ABOUT US

SWAISC is a large collaborative project involving researchers around the world. The UK team is made up of researchers in Imperial, Exeter, Leeds, Durham and BAS covering expertise in ice sheet modelling, sedimentology, provenance and geomorphology. At UCL we will conduct thermochronometric dating and provenance analyses on samples collected from Antarctica. These are detrital samples and provide information about how the topography has changed under the ice and how glaciers have responded to climatic changes. UCL Earth Sciences is one of the oldest centres for earth and planetary sciences in the UK. Situated in Bloomsbury in the heart of London, the department’s location is ideal for taking full advantage of the city’s cultural facilities for study and leisure, which are unmatched nationwide. The British Library and the British Museum are close by, and other great museums and art galleries – from the Tate, Tate Modern and National Gallery to the Science Museum, the Natural History Museum and the Victoria and Albert Museum - are within minutes by underground.

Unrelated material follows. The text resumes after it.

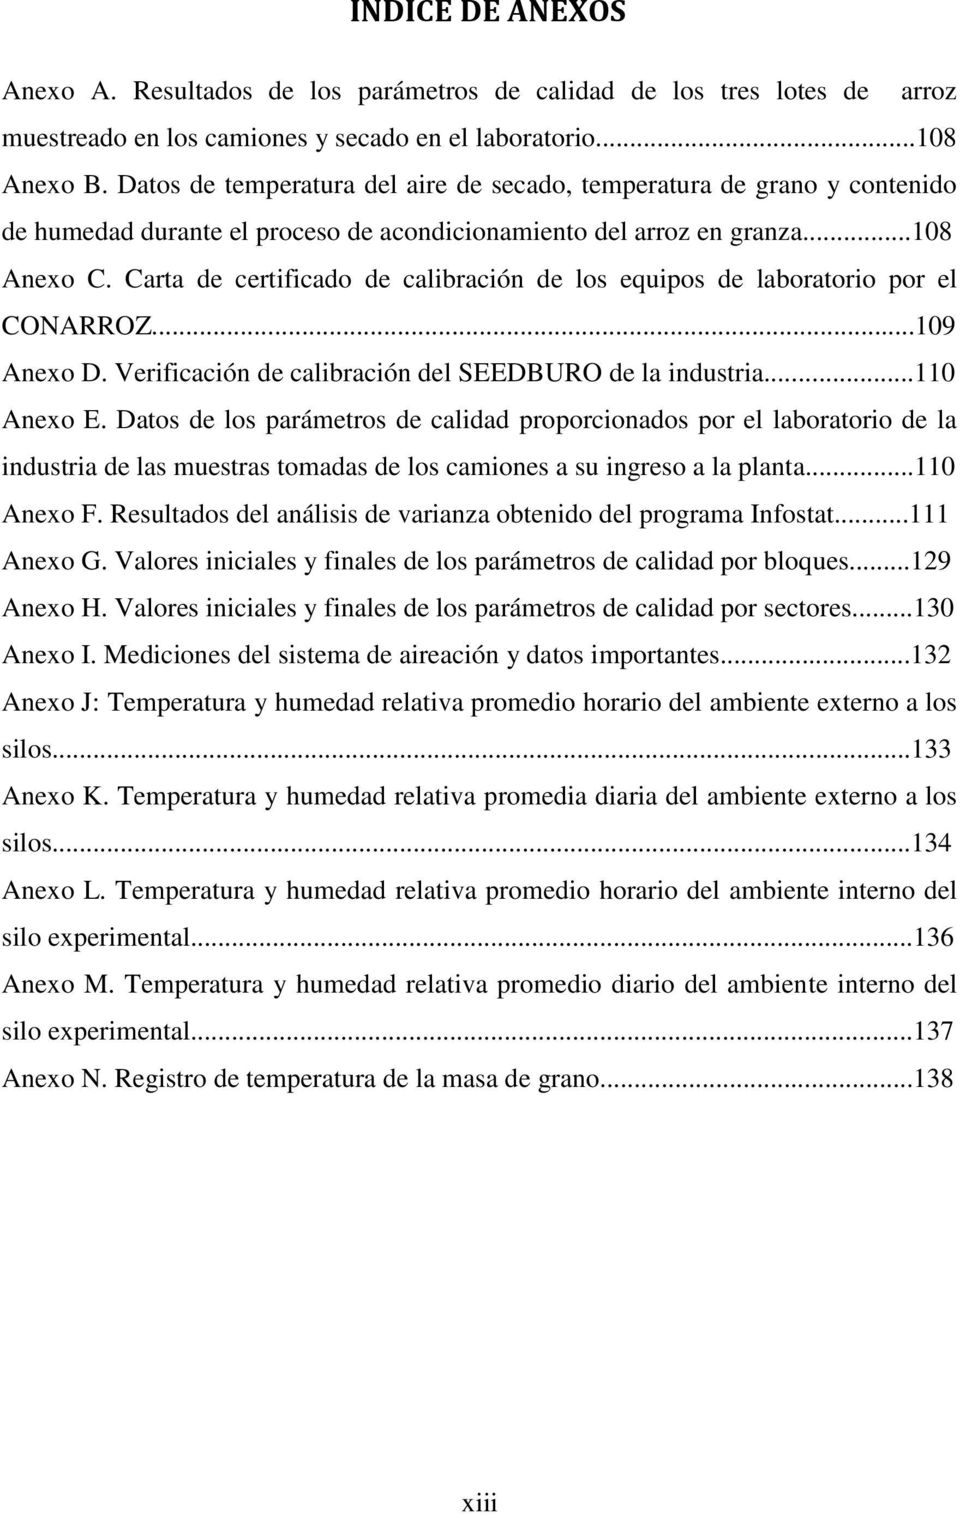 Carta de certificado de calibración de los equipos de laboratorio por el CONARROZ...109 Anexo D. Verificación de calibración del SEEDBURO de la industria...110 Anexo E.

We are inviting applications for a Research Fellow with a strong background in thermochronometry to join our new NERC-funded Project SWAIS2C – Sensitivity of the West Antarctic Ice Sheet to 2 Degrees Celsius of Warming. The position will be held in the UCL Geochronology Centre in the Department of Earth Sciences and will continue for 15 months in the first instance. The successful candidate will investigate geomorphic evolution under the ice from the inception of glaciation to the present day. The is will involve low-temperature thermochronometric dating of detrial apatite crystals. The project will require sample preparation, and laboratory work in the London Geochronology Centre. We will also use numerical models to interpret thermochronometric data and reconstruct potential past landscapes. The candidate will also travel to New Zealand to collect detrital material and inspect recovered cores. The main purpose of the job is to collect unique data constraining topographic develop below the West Antarctic Ice Sheet, develop novel inverse methods to maximise the amount of data that can be recovered from detrital dataset, and to work closely with ice sheet models to simulate ice extends and erosion on derived topography.